Arizona has been assured that it will keep control of water it leaves in Lake Mead for storage, U.S. Sen. Jeff Flake said Wednesday.
Flake said he received a letter from the Department of the Interior ensuring the state's access to the water.
Storing the water helps keep Lake Mead's level above a depth that would trigger a declaration of drought conditions. That would result in rationing that would cost Arizona 40 percent of the water that flows into the Central Arizona Project.
Flake and other Arizona politicians had been concerned that if Arizona stored its excess Colorado River water in Lake Mead, the state could lose access to that water if a drought is declared, seeing it instead go to California or Nevada.
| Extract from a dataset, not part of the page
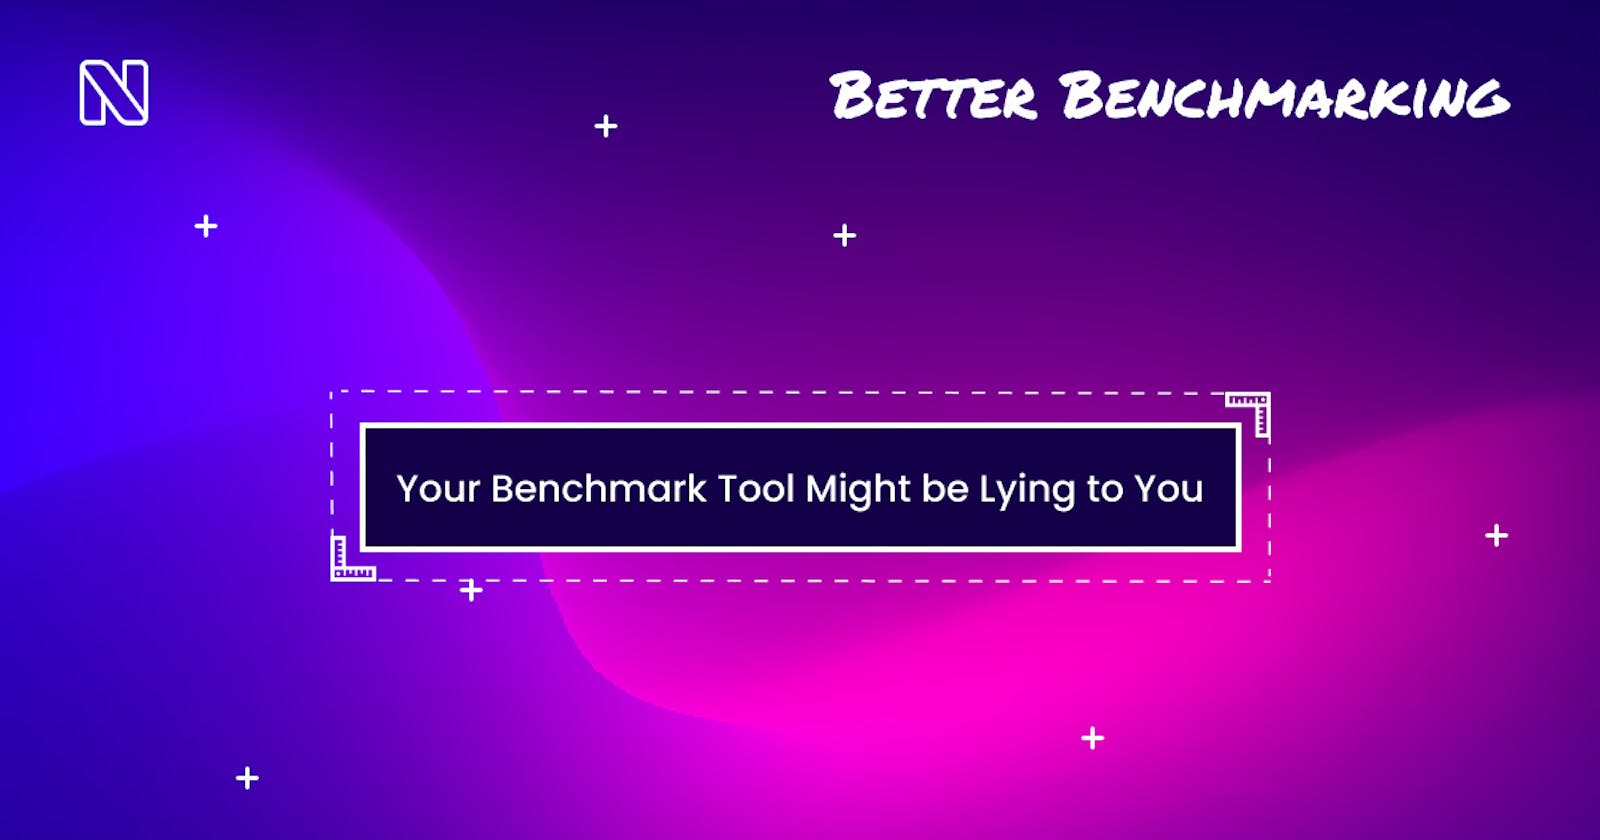 Better Benchmarking: Your Benchmark Tool Might be Lying to You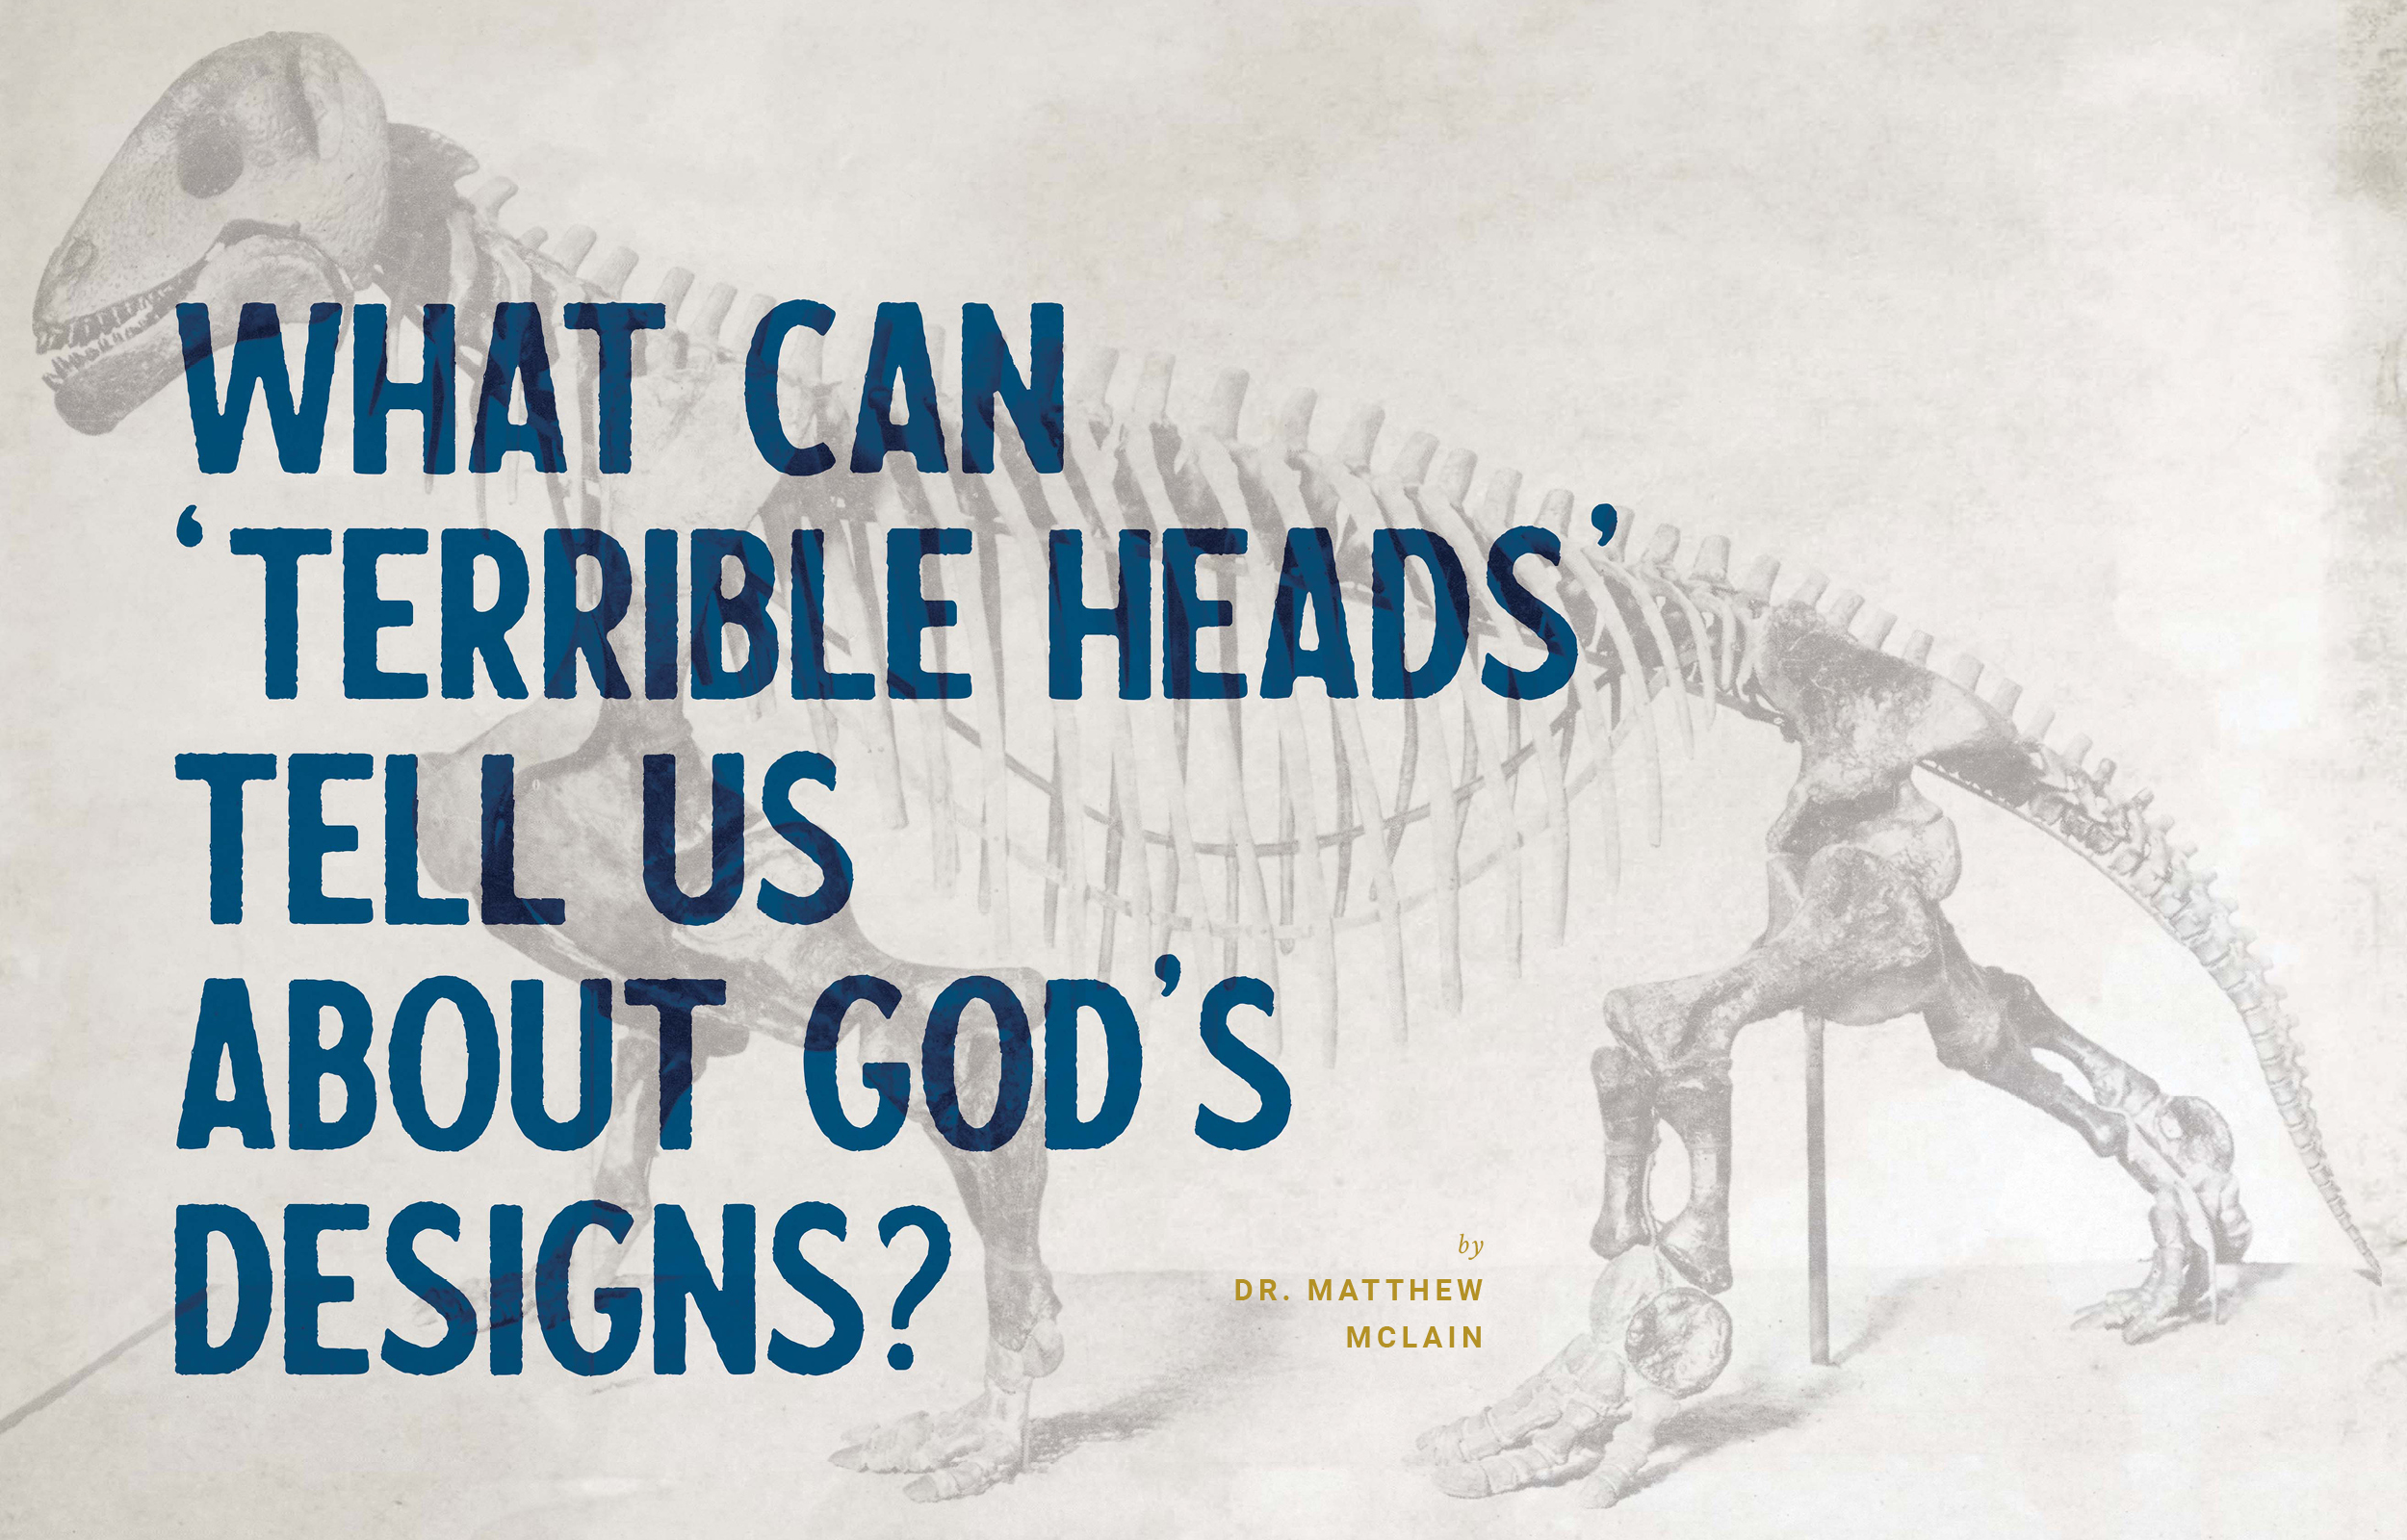 What Can 'Terrible Heads' Tell us About God's Designs?

“Without the voluntary storage, primarily from Arizona water users, we would certainly hit that declaration next year in 2017," Flake said. "With this storage, we can likely stave that off at least for another year.”
He said the agreement between Arizona and the Department of the Interior will last through the end of the Obama Administration, and his next goal is to get assurances that will keep Arizona's allocation safe past 2016.
"Those will likely come when we get an agreement among the lower basin states on long-term contingency plans for this drought," Flake said. "Those are going to have to come unless we have well above average rainfall for a number of years.”
Earlier this summer, the water level at Lake Mead was recorded at its lowest since Hoover Dam was completed in 1936.